After that experience, I was fed up with the entire cosmetic industry. I stopped buying make up, I even stopped cutting and dying my hair.

I realized what I thought was a form of self expression was really an act of conformity. I wasn’t expressing myself, I was trying to be what society wanted me to be. That’s not empowering, it’s degrading.

I thought I was learning an art but, they only taught me sales. Most of what I learned in either school was how to up sell my clients. It wasn’t about helping people express themselves like I thought. It was about convincing people they need to spend their money on an extra treatment or regimen of products because their natural features aren’t good enough.

The truth is, no one NEEDS any of it. No one needs to cover their face. No one needs to fry their hair with toxic chemicals. No one needs hundreds of dollars worth of product in their hair. Spending all your money and all your time on your appearance won’t make you happy. Being beautiful won’t make you a better person. It won’t make you smarter or more successful and, it defiantly won’t get you the respect you deserve.
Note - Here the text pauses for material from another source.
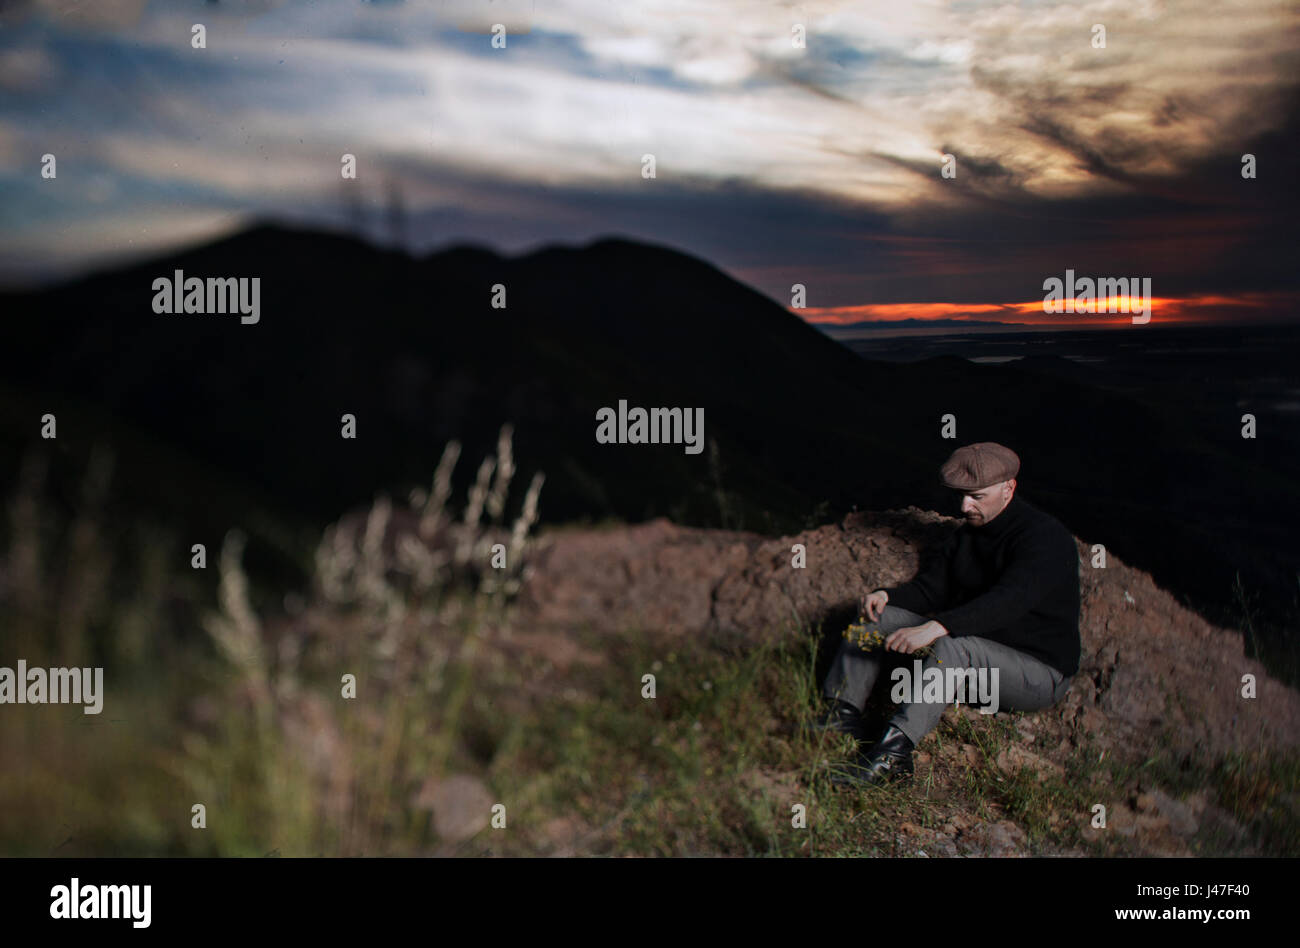 Man with red goatee wearing black turtleneck fisherman's sweater and brown newsboy cap sitting on a cliff with dramatic sunset and clouds Stock Photo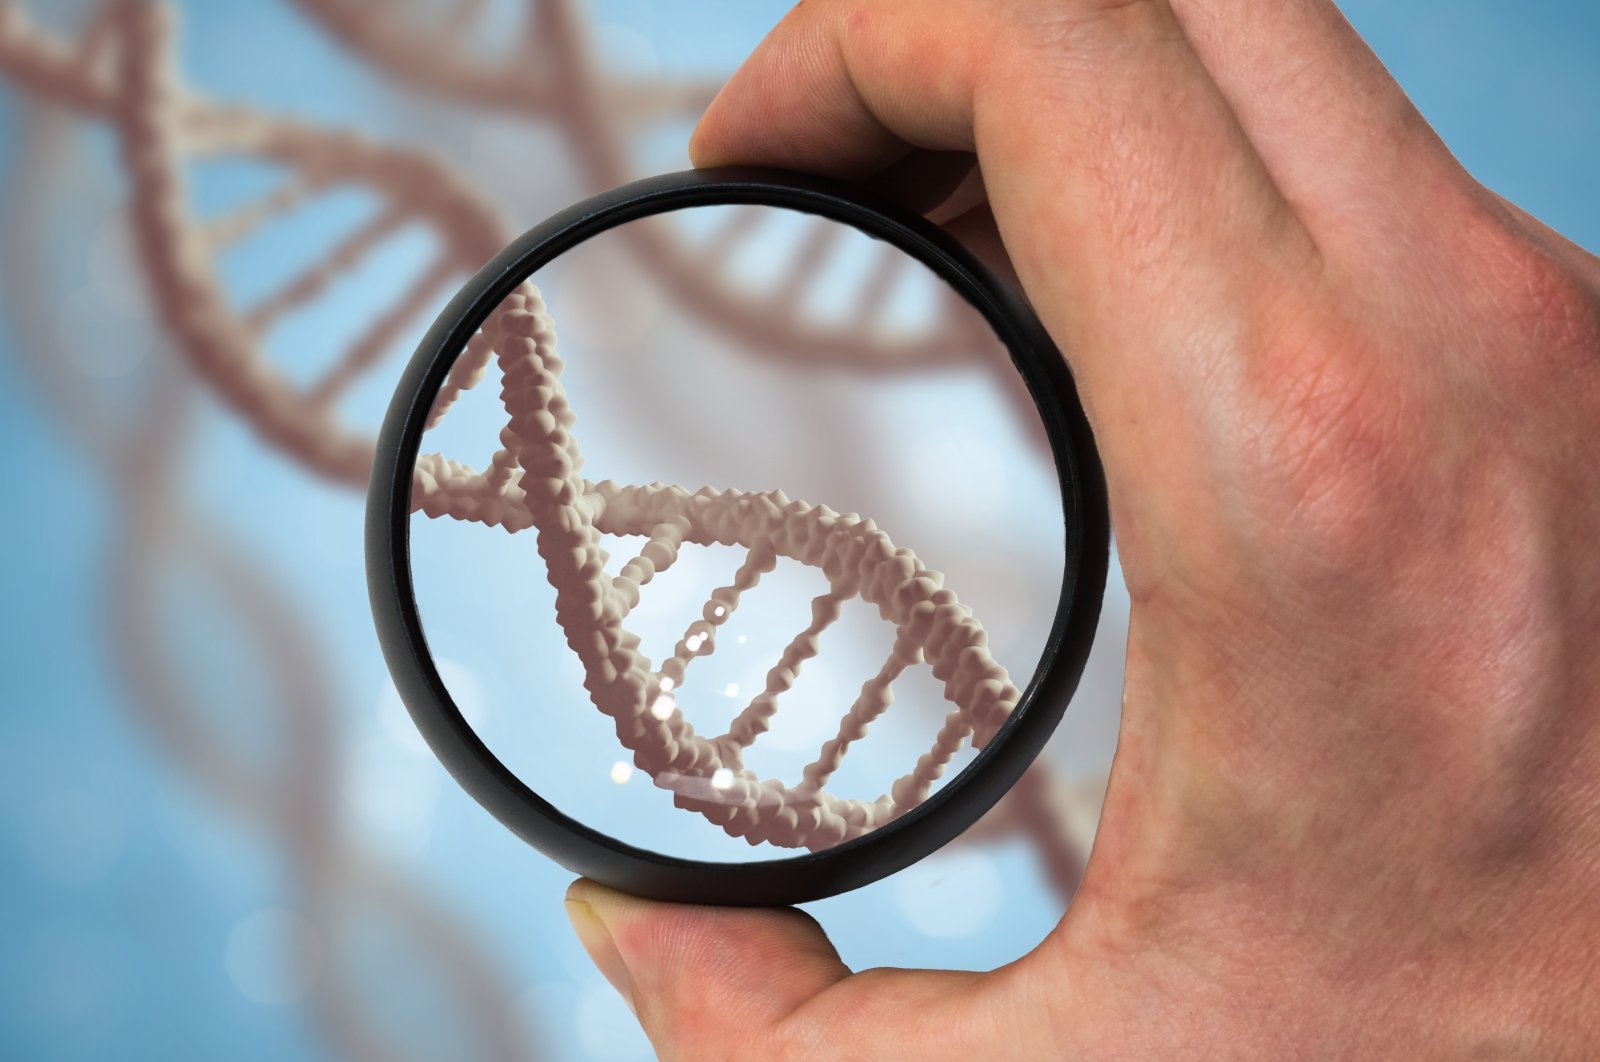 While the conventional wisdom that people are more likely to get sick as they get older holds true, researchers now say genes are less likely to impact health over time. (Shutterstock Photo)

We have to stop judging ourselves and each other so harshly on our appearance. When we base our own and each other’s value on the way we look, we reinforce these negative stereotypes and bias that have held women down for centuries. The idea that only attractive women can be successful in a world dominated by men is insulting and limits the opportunity of talented, qualified and, intelligent women.

I’m not saying you have to stop wearing make up all together. I’m only saying that it is not and should not be necessary. No one should feel the need to hide themselves. We are just as beautiful, just as smart, just as powerful and, just as impressive without it.